EXERCISE GOAL – Reproduce only the lines below from the line containing "Can't Lock Down" to the line containing "ibiza_flower_power_party_vertical_web", exactly as written, with both end lines kept. Omit the pictures.

INPUT FOR THIS TASK –
------
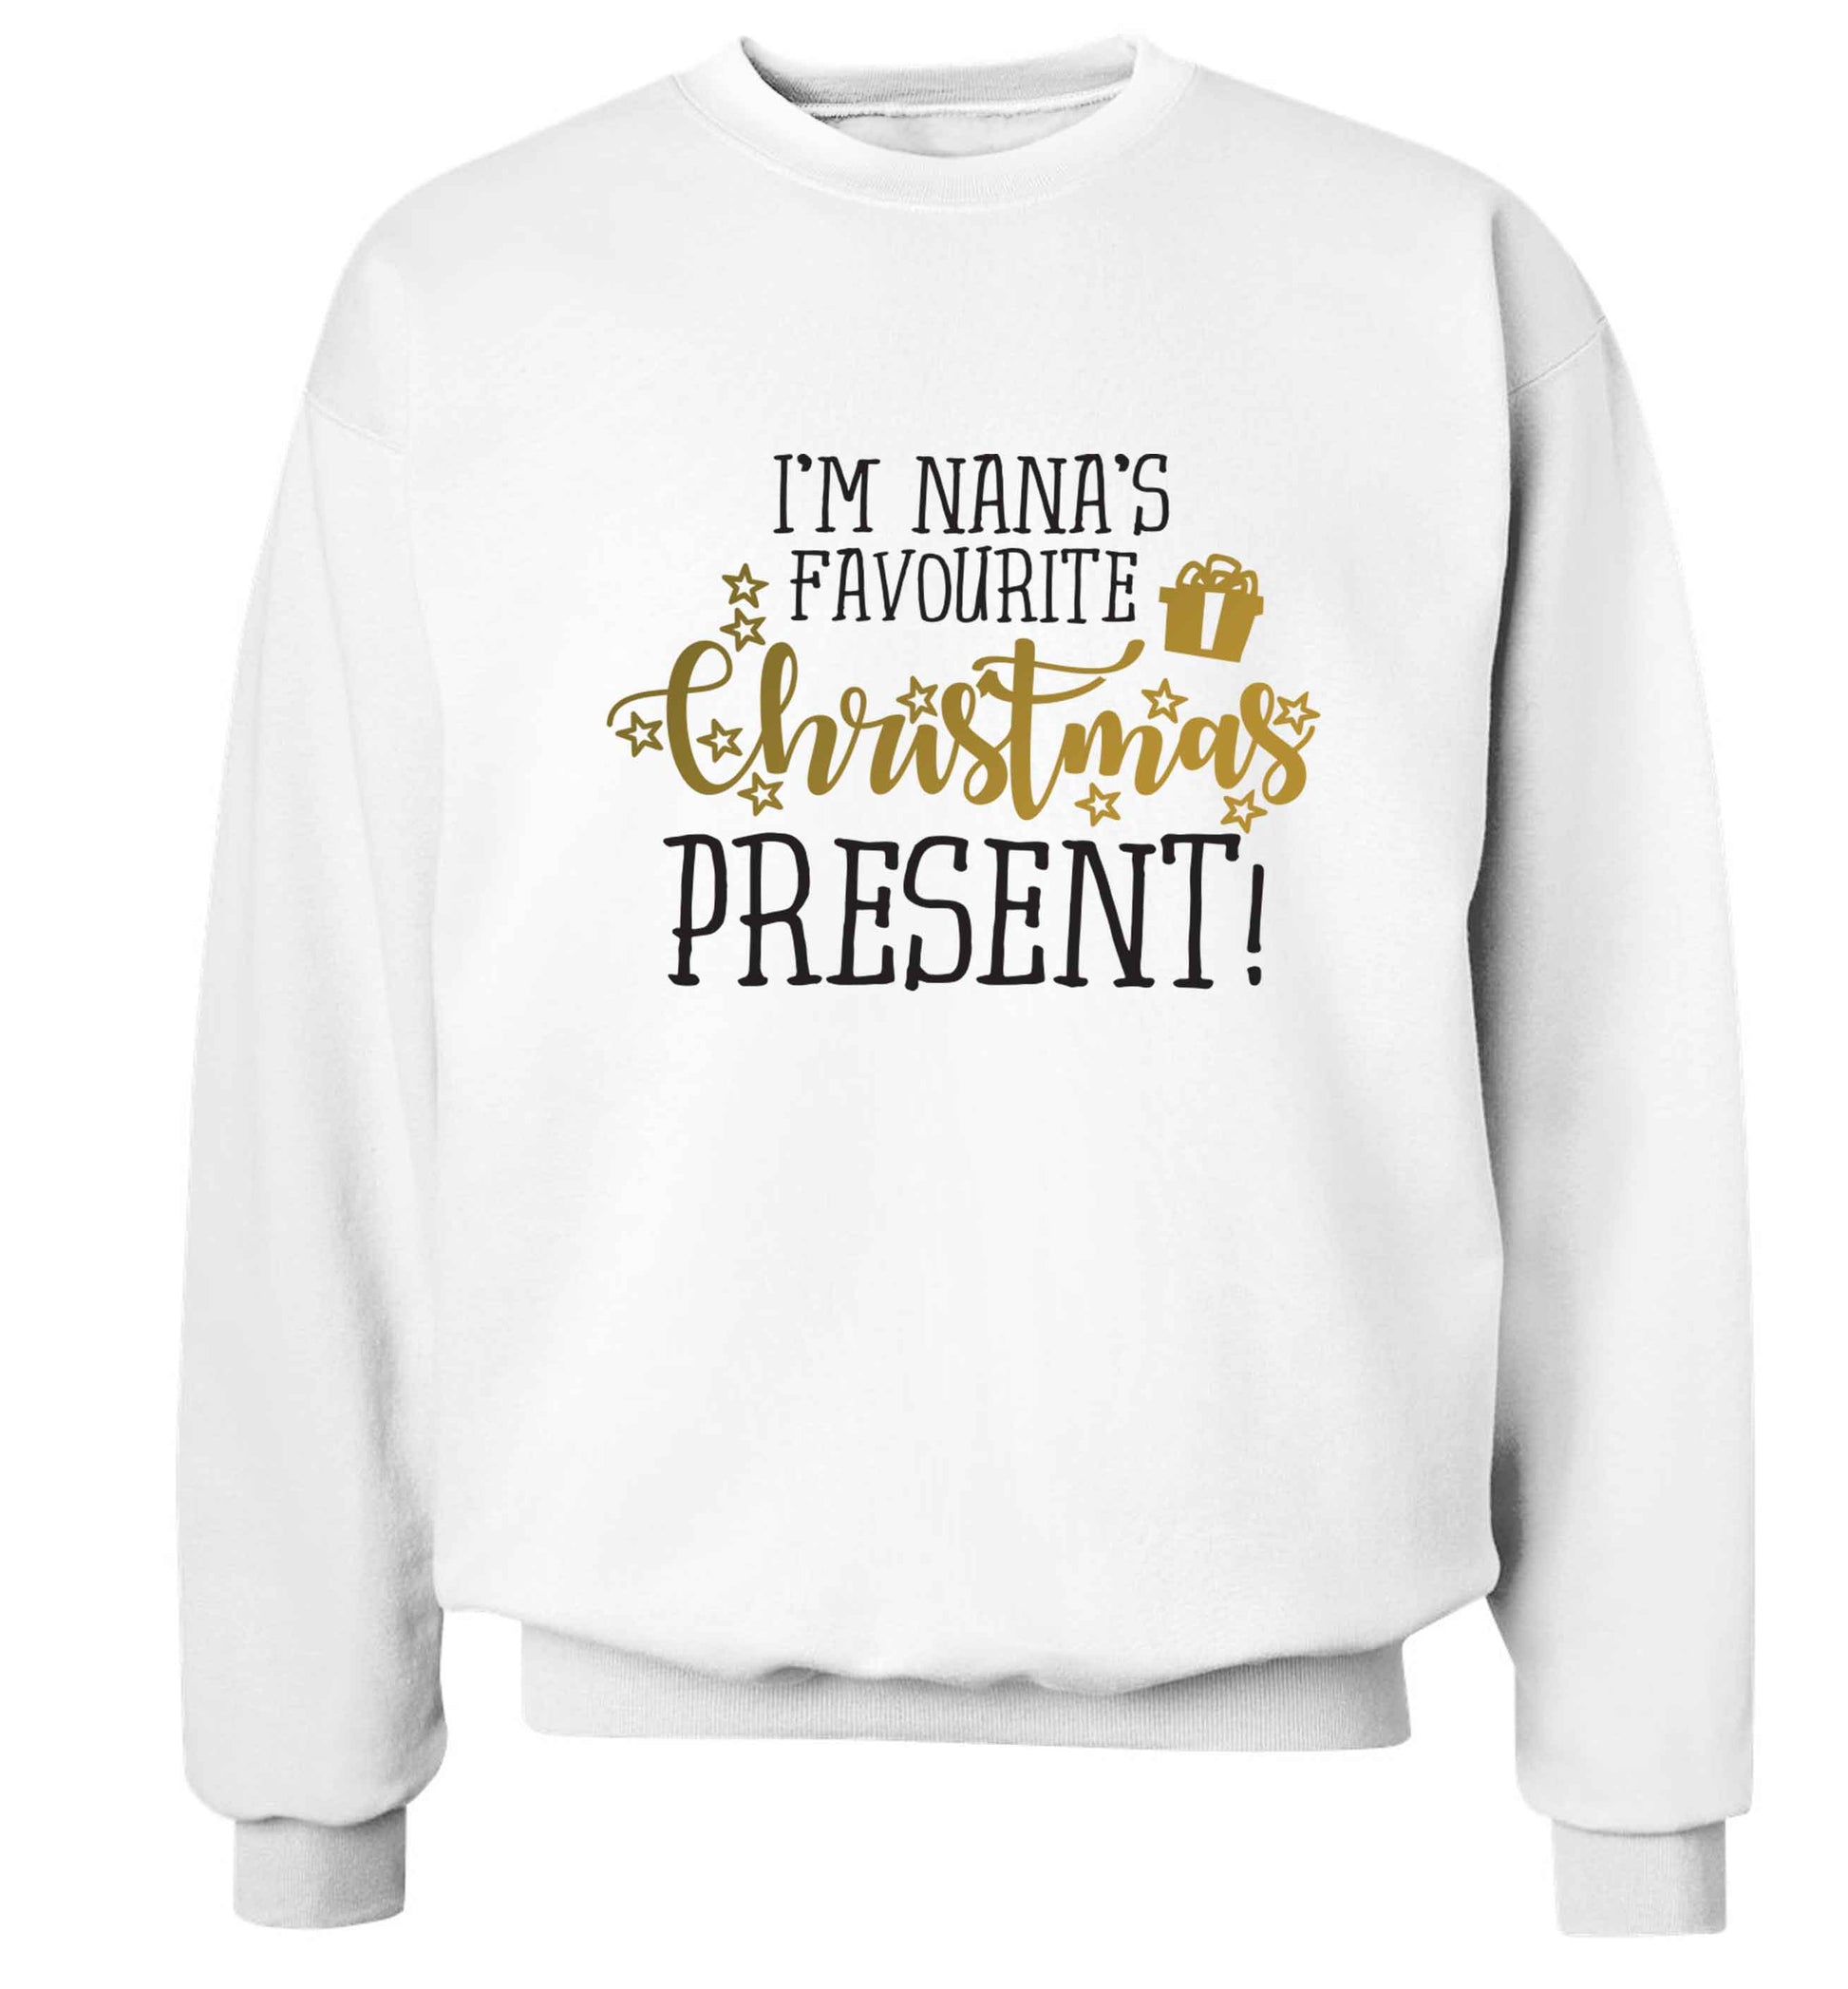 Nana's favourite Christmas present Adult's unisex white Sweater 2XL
------
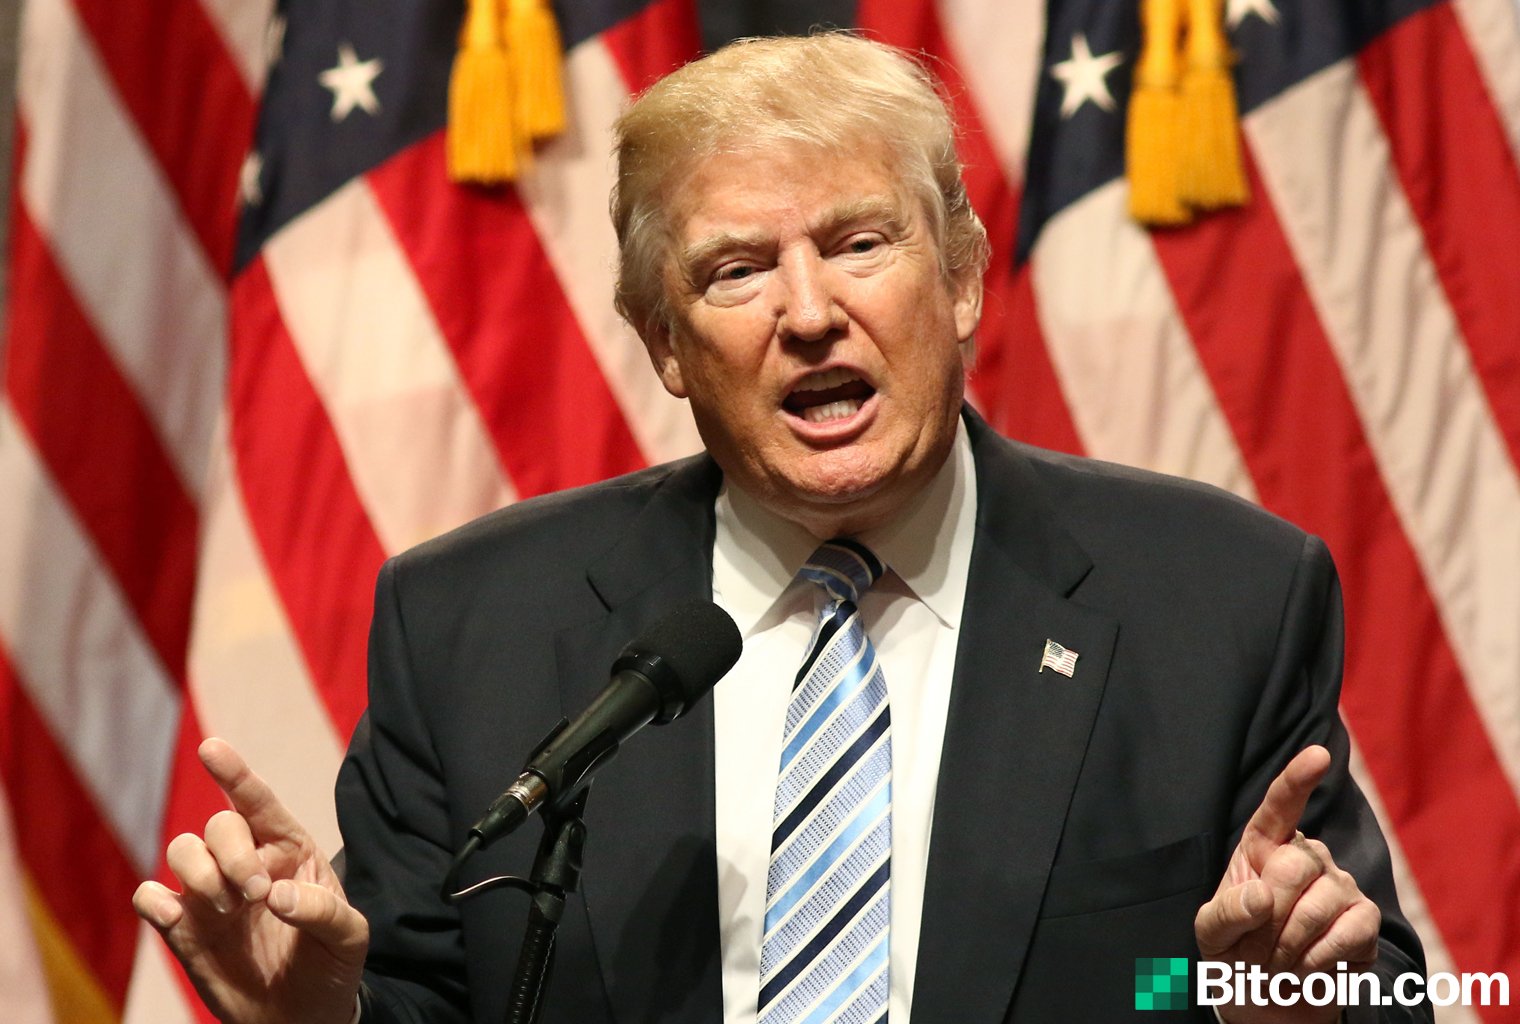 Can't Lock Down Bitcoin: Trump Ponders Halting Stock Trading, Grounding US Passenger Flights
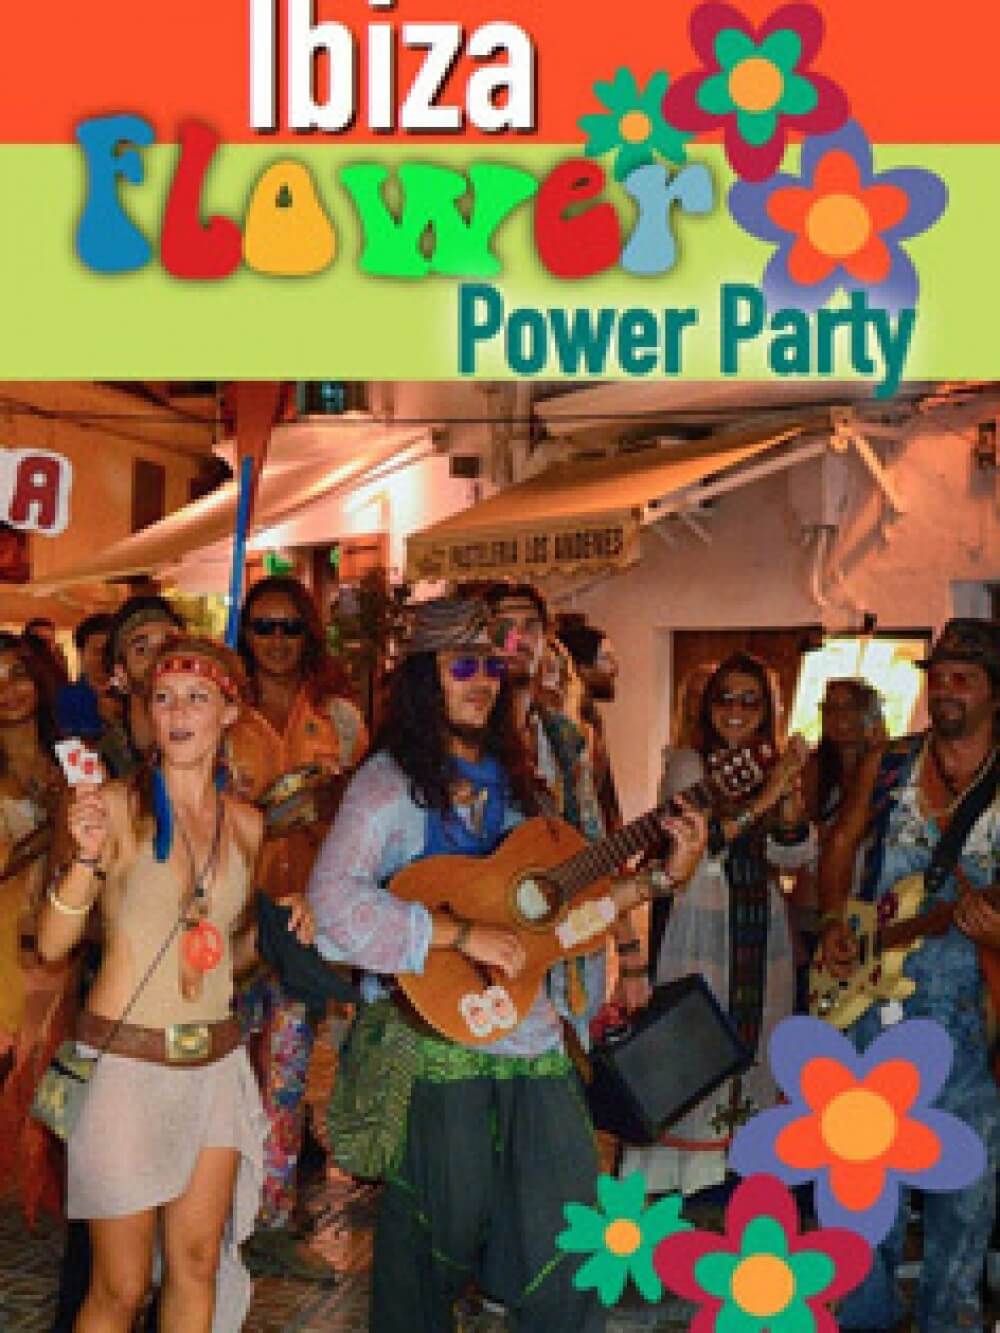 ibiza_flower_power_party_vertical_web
------
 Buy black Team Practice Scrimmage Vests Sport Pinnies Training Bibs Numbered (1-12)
------
TASK OUTPUT –
 Can't Lock Down Bitcoin: Trump Ponders Halting Stock Trading, Grounding US Passenger Flights
 ibiza_flower_power_party_vertical_web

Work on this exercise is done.